In the summer of 1860, Edward Whymper, an athletic, twenty-year-old British artist, visited the Alps for the first time. He had been hired by a London publisher to make sketches and engravings of the scenic mountains along the border of Switzerland and Italy. He soon became interested in mountaineering and decided to attempt the yet unconquered Matterhorn. Whymper soon found that Jean-Antoine Carrel, an Italian guide from the Valtournanche, had attempted to be the first to reach the summit of the Matterhorn since 1857. Between 1861 and 1865, both made several attempts by the south-west ridge together but became progressively rivals, according to Whymper because Carrel patriotically believed that a native Italian like himself and not an Englishman like Whymper should be the first to set foot on the summit.

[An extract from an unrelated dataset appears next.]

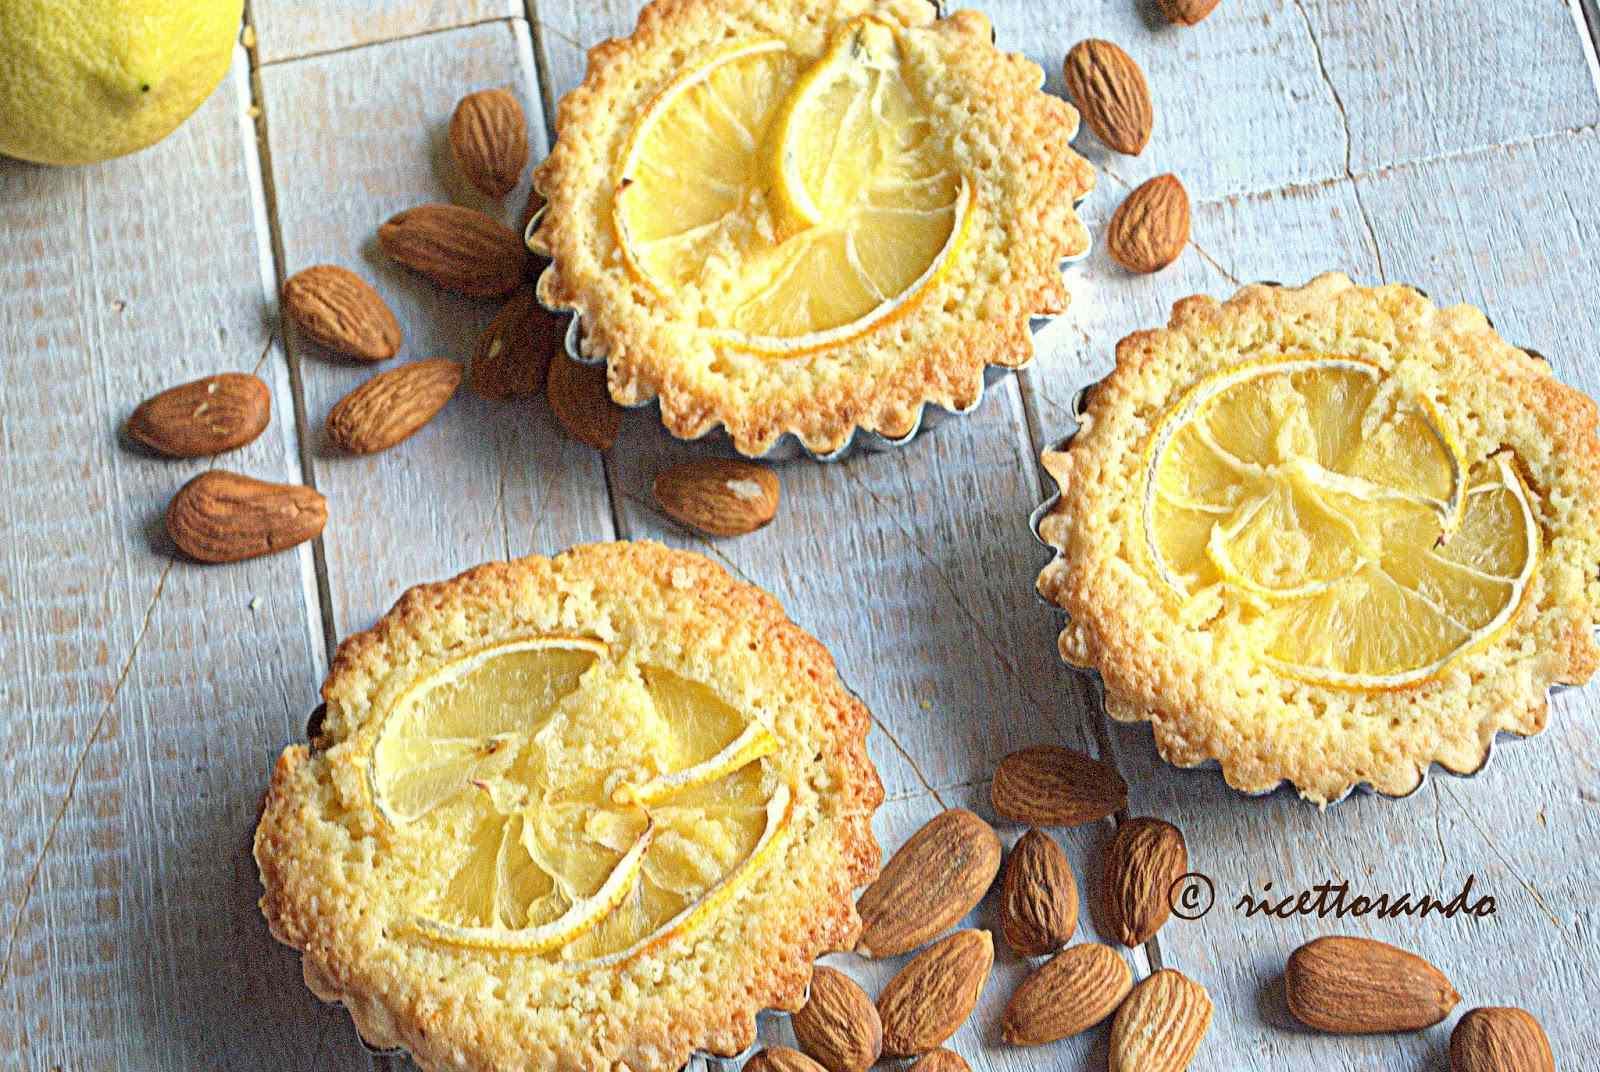 Ricetta: Crostatine al limone e frangipane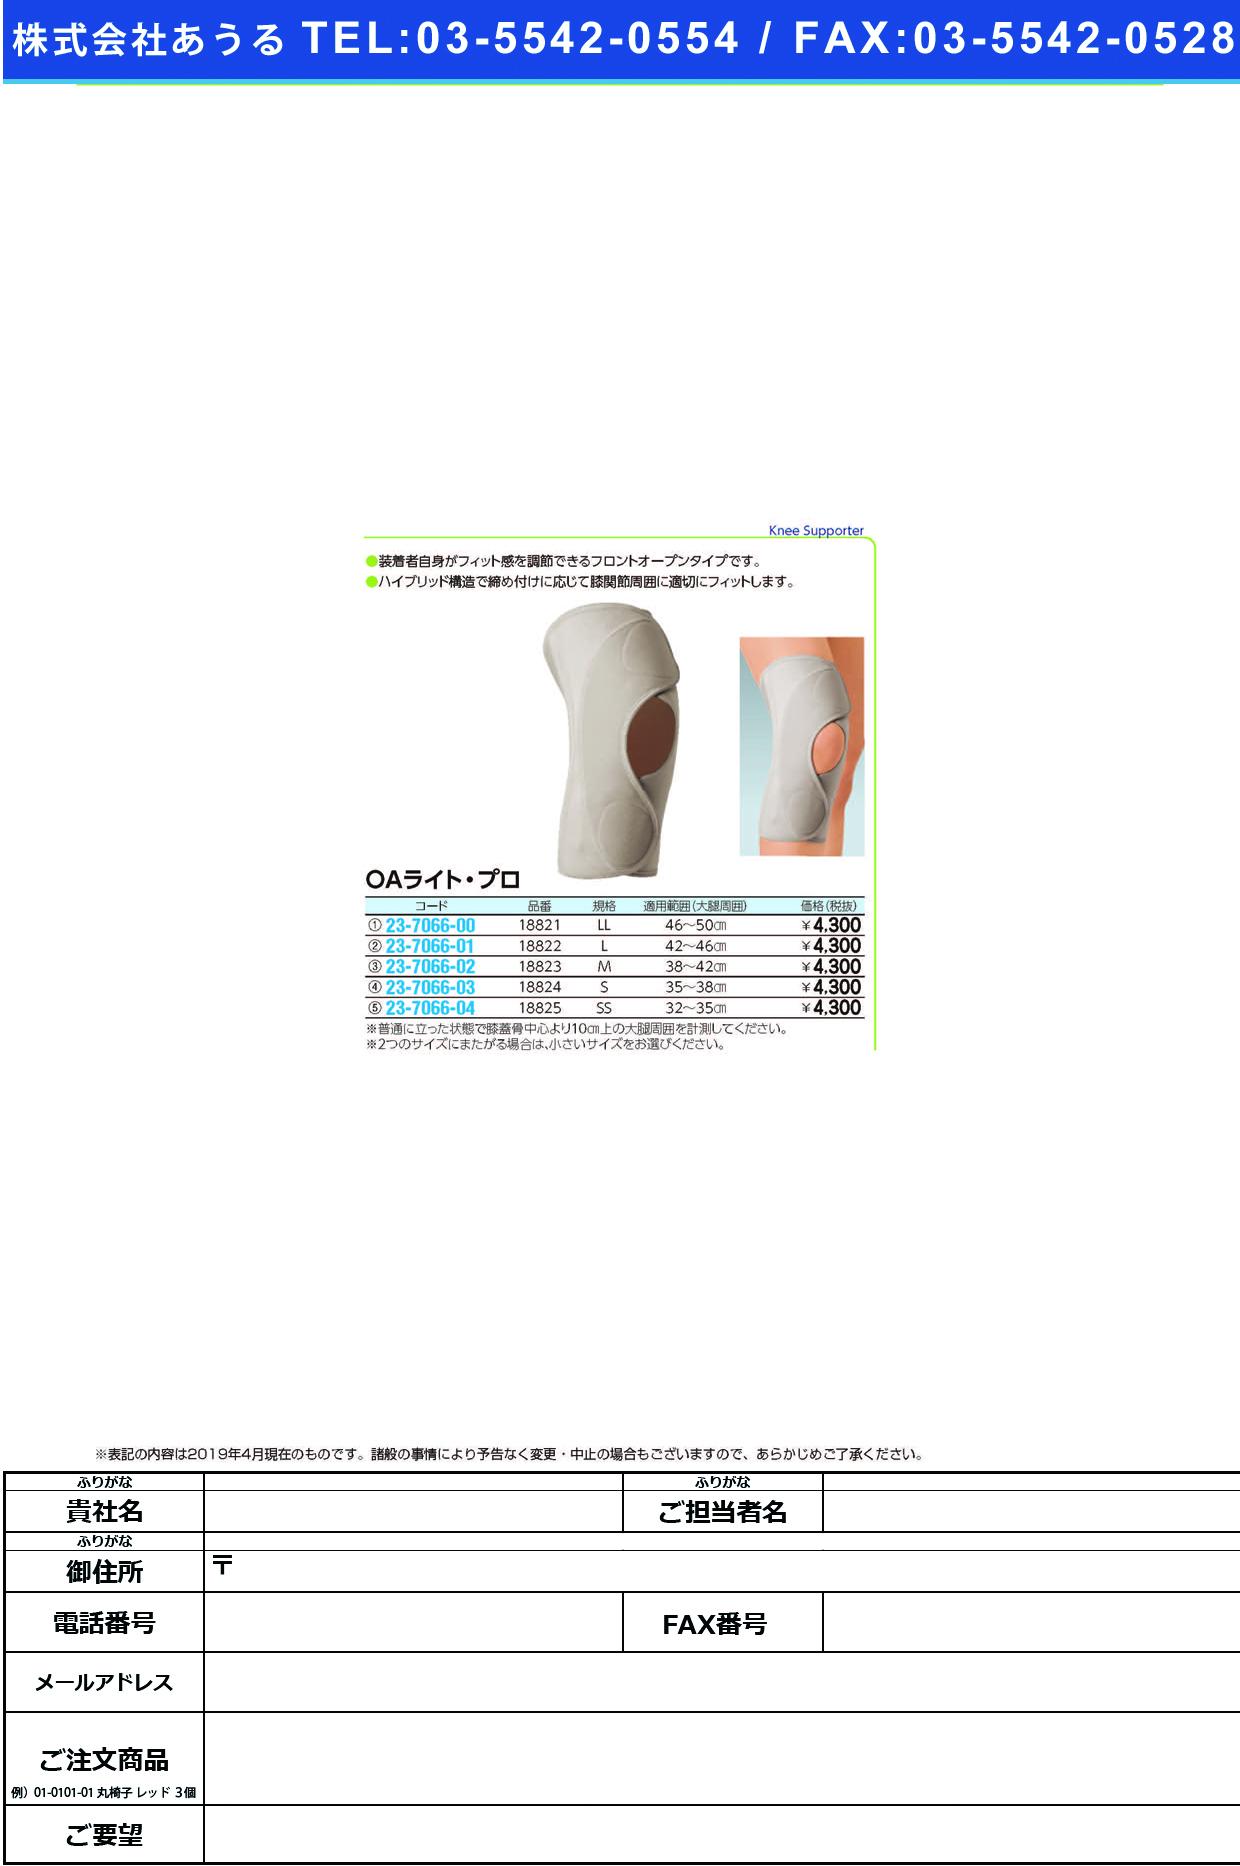 (23-7066-03)OAライト・プロ(S) 18824 OAライト・プロS(アルケア)【1箱単位】【2019年カタログ商品】

In 1865, Whymper, weary of the defeats he had sustained on the southwest ridge, tried a new way. The stratification of the rocks on the east face seemed to him favourable, and the slope not excessive. His plan of attack was complicated: a huge rock couloir, the base of which lies on the Italian side below the Breuiljoch, on the little Matterhorn glacier, would be ascended to a point high up on the Furggen ridge; from there, traversing the east face of the mountain, he meant to reach the Hörnli (north-east) ridge and follow it to the summit. However, when this route was attempted, an avalanche of stone caused the ascent to fail. His guides refused to make any further attempts by this route.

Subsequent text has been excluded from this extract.